The stamp required for all printed materials from the act of 1765.

On March 5, 1770, a lone British sentry marched between his barracks and the customs’ house across the street. He cried out as a group of youths pelted him with snowballs and rocks. Soldiers poured out of the nearby barracks and tussled with the gathering crowd. A British solder fired, then more shots rang out, killing five and wounding another eight. Ironically, one of the first persons killed in the fight for freedom was Crispus Attucks, a runaway slave who worked on the ships in the harbor. Future president John Adams defended the British soldiers charged with murder since he felt that without a fair trial, rule by mob threatened justice. Of the ten British soldiers, two were convicted of manslaughter, the rest were absolved. Nonetheless, the Boston Massacre escalated the conflict.

Ranger Bill ended our walking tour in front of the Old South Meeting House, the biggest building in North America in the 18th century. It could hold 4,000 to 5,000 people. At this Congregationalist Church, on December 16, 1773, Samuel Adams launched the Boston Tea Party.
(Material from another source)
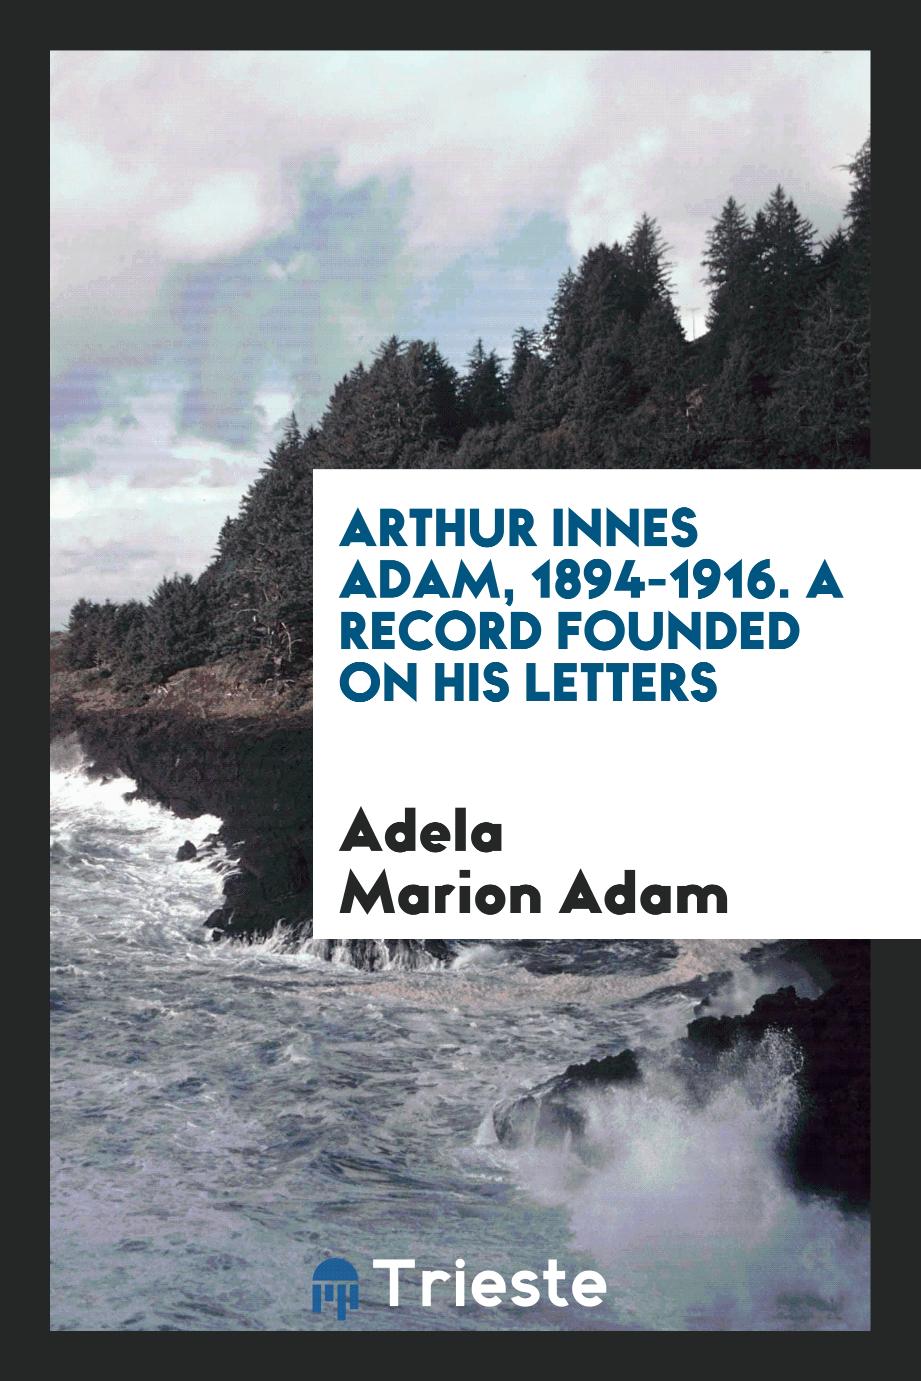 Arthur Innes Adam, 1894-1916. A record founded on his letters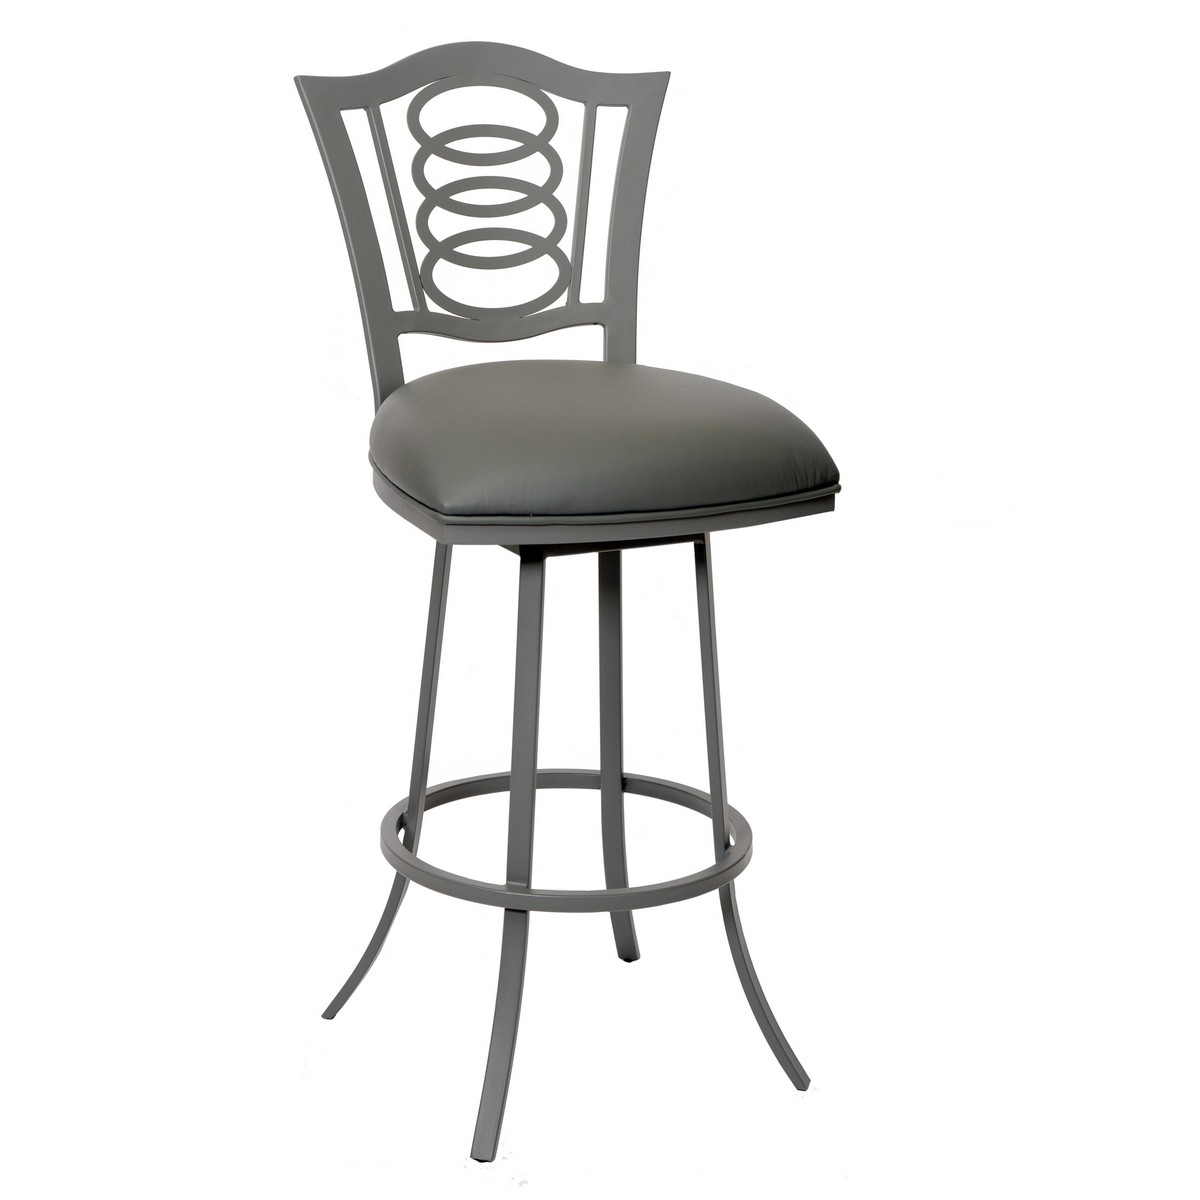 Armen Living Essex 26-inch Transitional Barstool In Gray and Gray Metal

A group of men disguised as Mohawk Indians stormed three ships in the Boston harbor and dumped 342 chests of tea into the frigid waters to protest the taxes.  Parliament punished Boston with the Coercive Acts, aka the Intolerable Acts, which closed the port until the equivalent of over $1,000,000 in today’s dollars was paid for the tea. Only the governor, Gen. Thomas Gage, could approve public assemblies. The British military now ruled Massachusetts. Discontent grew in Boston and other cities in the colonies.

In next week’s blog, we will return to Boston and the shot heard ‘round the world and then follow the war at other NPS and historic sites. Also on August 25, the National Park Service turns 100. Please celebrate it by going to a park, remembering past park trips, and letting your family, friends, and elected representatives know what our parks mean to you. Party with your parks!


Fort Necessity was designated a National Battlefield Site on March 4, 1931 and a National Battlefield in 1961. Boston National Historical Park was created on October 1, 1974.